I didn’t want to write this post. I didn’t want it to turn out this way.
It started coming together as I was descending a trail into inky darkness, a familiar trail I’ve trod over an over in my life. It crossed an icy stream barefoot in the middle of the night just to make camp. It warmed to the thought by a roaring fire where stories of yore traded and cups of nectar drained underneath the stars. We soon realized it was 2 in the morning by the judgment of a watch, and we laughed at how time had been rendered impotent amongst the trees.
All of these would’ve been story enough to post, to muse meanderingly on the passage of time and my place in the universe. But alas it was not meant to be. The morning came. We broke fast. We chopped trees and girded our supplies for the cold night to come. Then, for me and Chuck, it was time to hike for the day.
I’ve stopped carrying separate camera for the last few trips, and for various reasons of convenience, weight, and sheer laziness, I now just throw my smartphone in my backpack. I used to loathe the idea, as if to go into the woods would sustain the illusion that I could have my own separate Eden, untouched by the dirty fingers of the “real world,” which included any contact through technology. When I first started camping, lo those many years ago, none of us had them. Now I’m sure we all have them, even if they stay in our bags. Mine did on the first night, then came out to take pictures and log miles as we began our trek.
I hadn’t turned Airplane mode on, so over the night, some texts leaked through. One from Nicole let me know what had been happening in the real world: ISIS attacks in Bagdhad, Beruit, and Paris. I thought of those I knew in that part of the world, thousands of miles and mental worlds away from this tiny, secluded sylvan wood. For a moment it seemed momentous, like the threadbare plots of a hundred science fiction films where the protagonists somehow wake to a world vastly different than their own. For a moment, I thought I should tell everyone. And then I decided against it, decided that if I could, I would sustain the illusion for the others, who in retrospect may have known and were also working to sustain the illusion for me.

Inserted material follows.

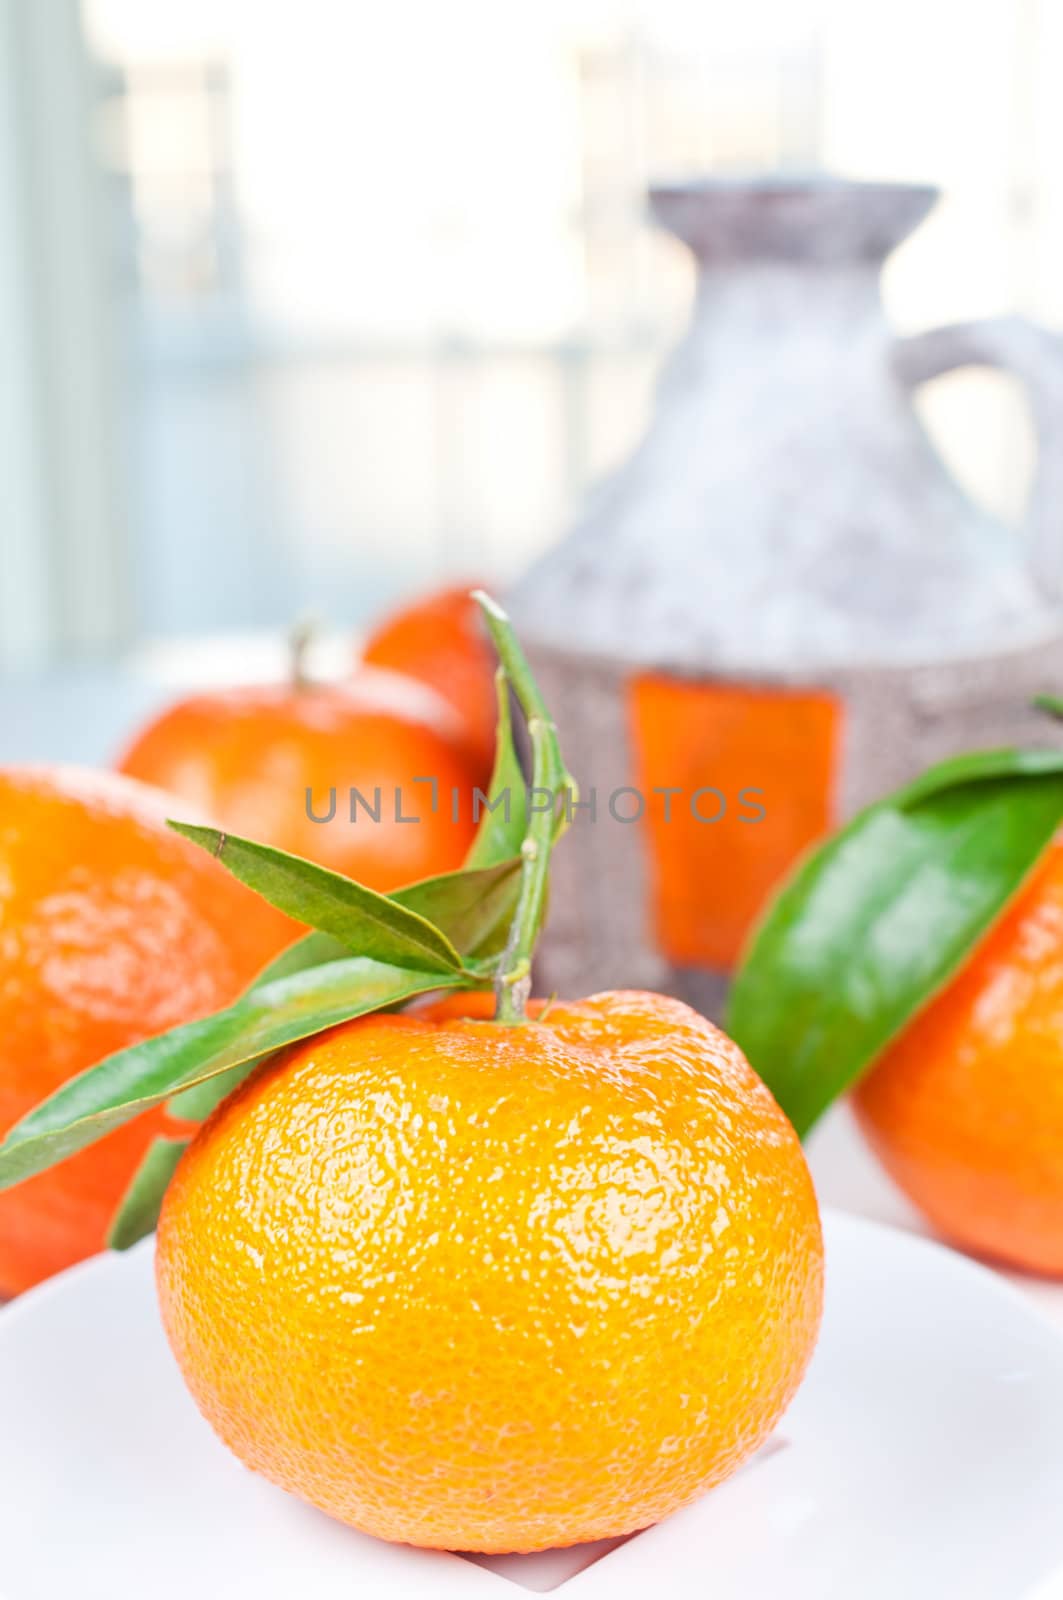 Tangerine on pitcher background by Nanisimova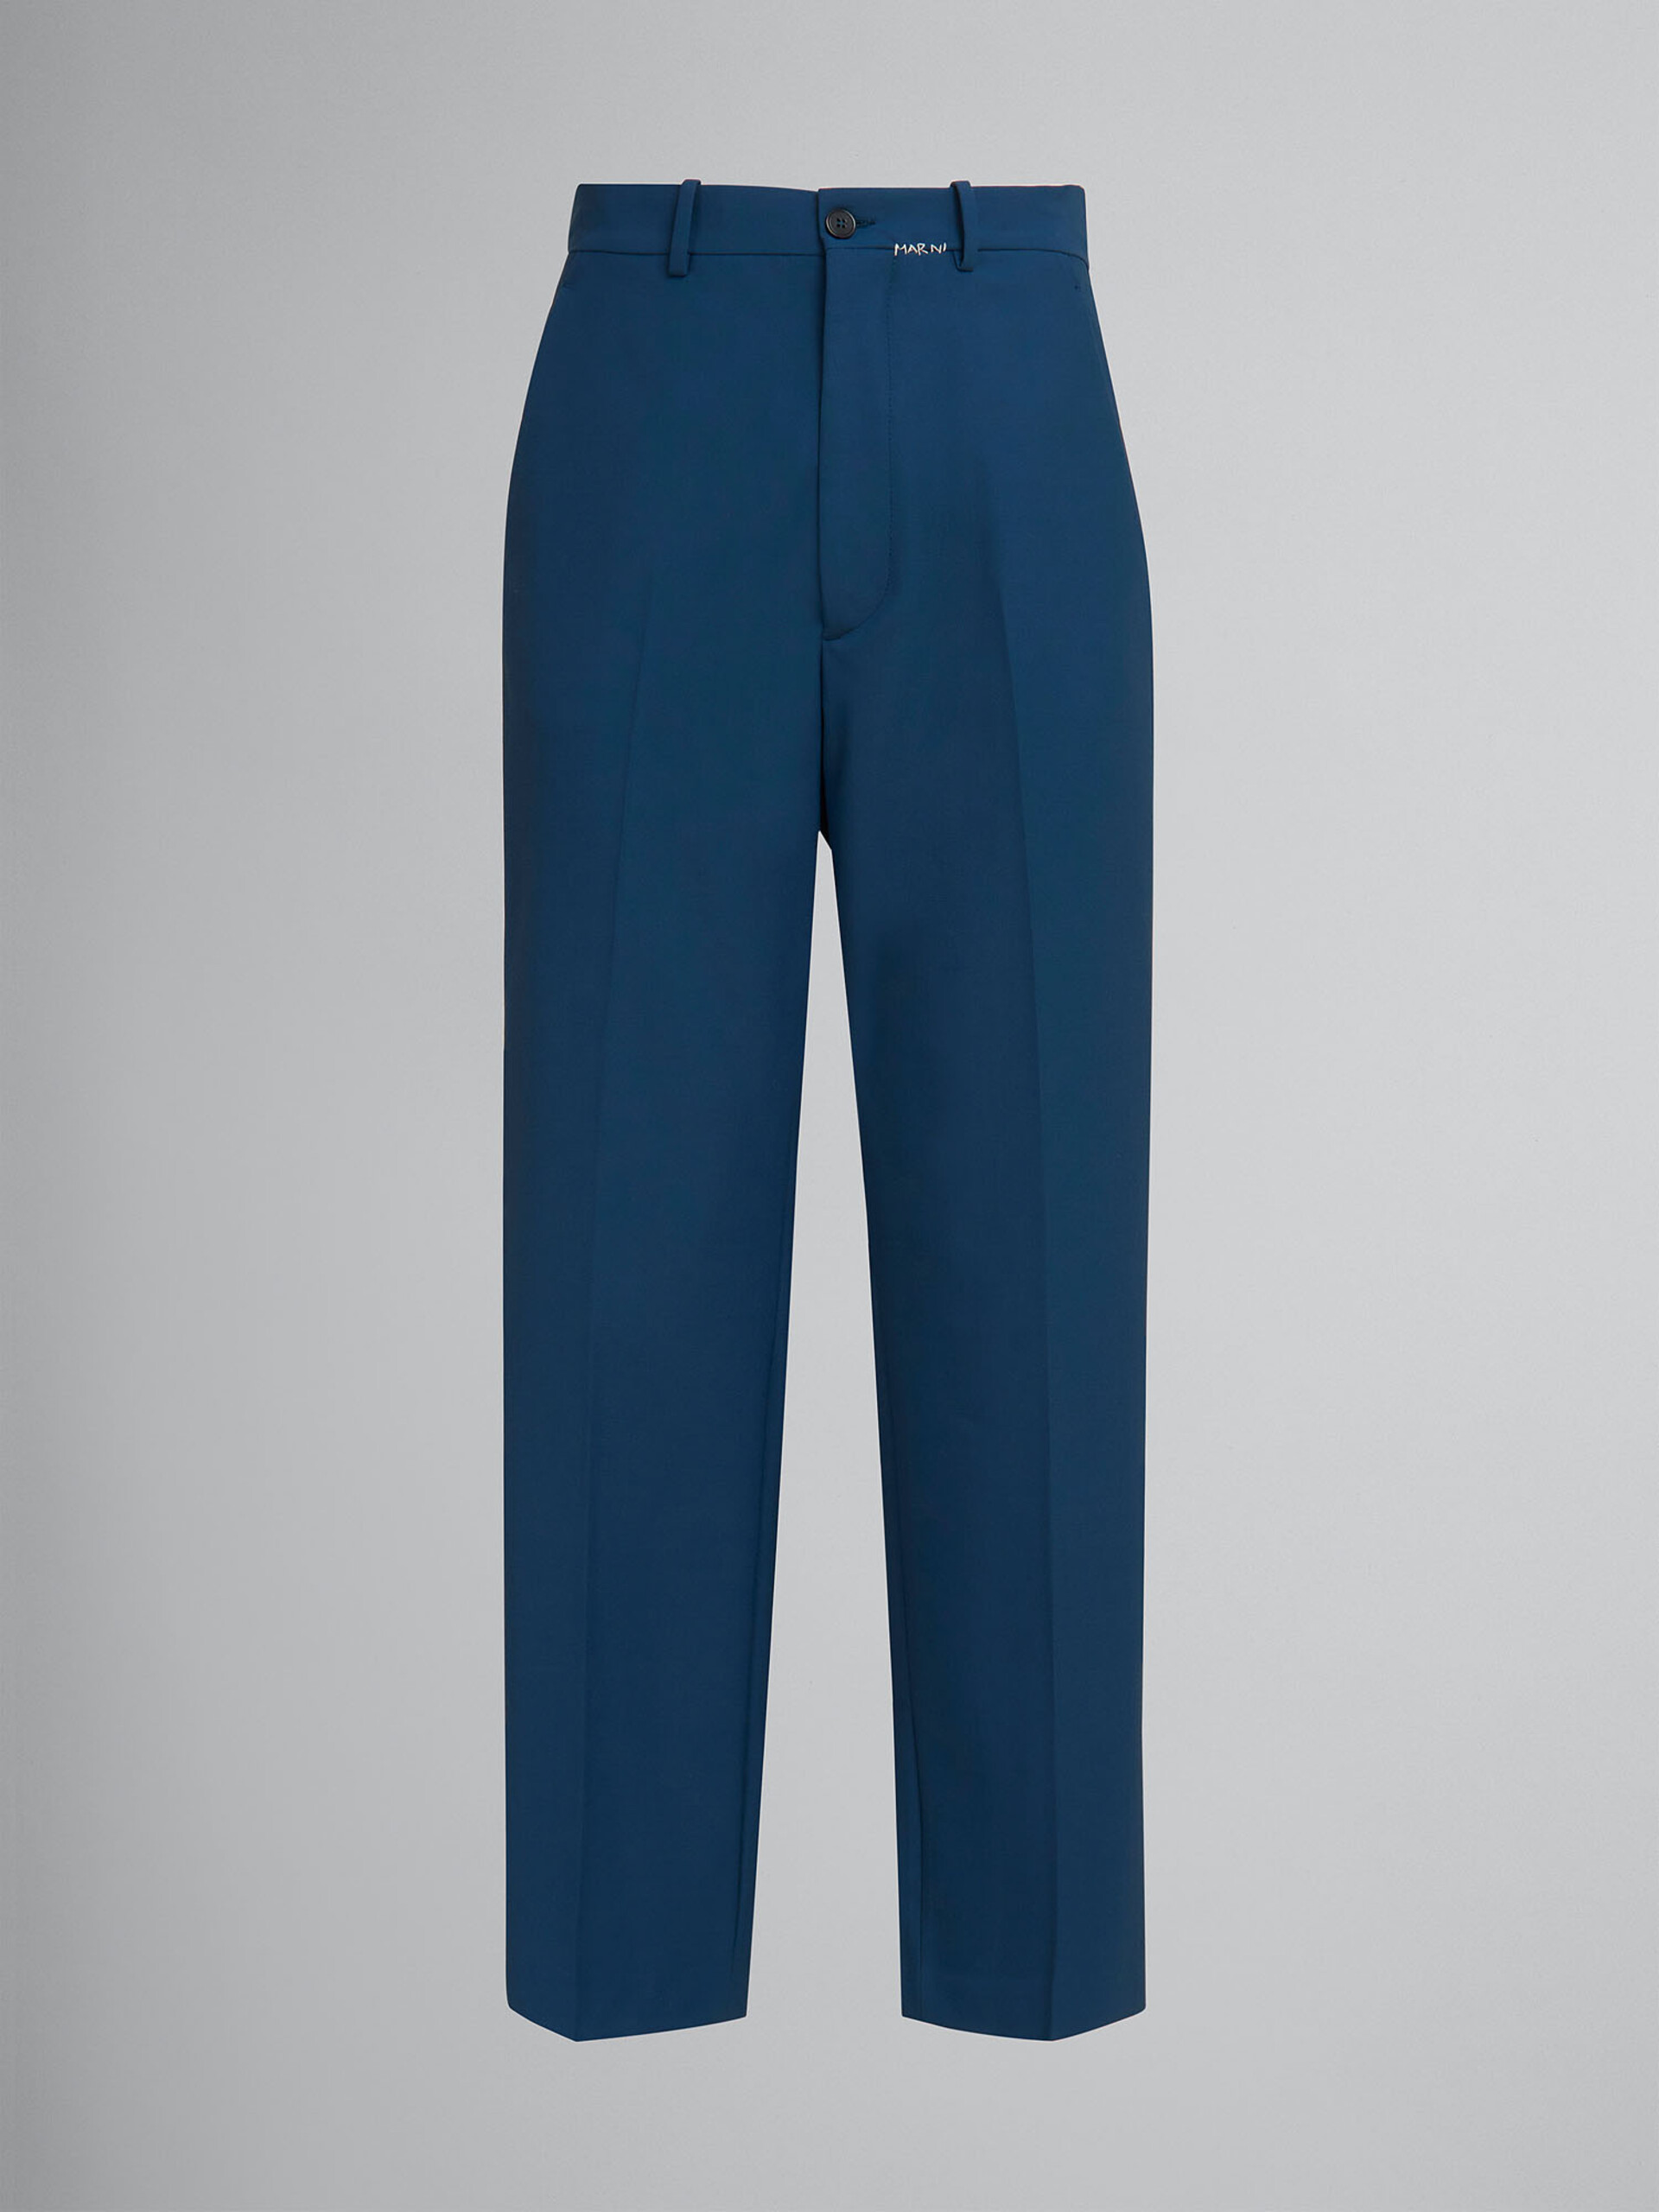 Pantaloni in lana blu con logo rammendo Marni - Pantaloni - Image 1

The hike was familiar and beautiful; trails I’ve hiked for close to twenty years now were brand new to Chuck. Winding stairs carved into rock. Valley vistas. Waterfalls. Fellow friendly hikers trading trail tips. All seemed unfazed or unfamiliar with the nugget of news I carried with me. And while I marveled at the beauty, this knowledge often made me wonder how things would be different when we exited this hidden Shangri-La and made our way back to the black-top plains of humanity.
Back in that world–the world of politics and literature–the conversations would be different. The knowledge would be different. In my film class, we had been watching V for Vendetta. My students, too young to remember, needed a refresher on the post-9/11 world, and so my mind often trailed back to the days immediately after our country had incurred terrorist attacks fourteen years ago, how people had been shocked by the carnage; how people had seemed lost searching for answers; how people yearned for something, anything to be done; how people felt that the veil had been lifted from their eyes to an entirely new world, as if none of the previous world had mattered.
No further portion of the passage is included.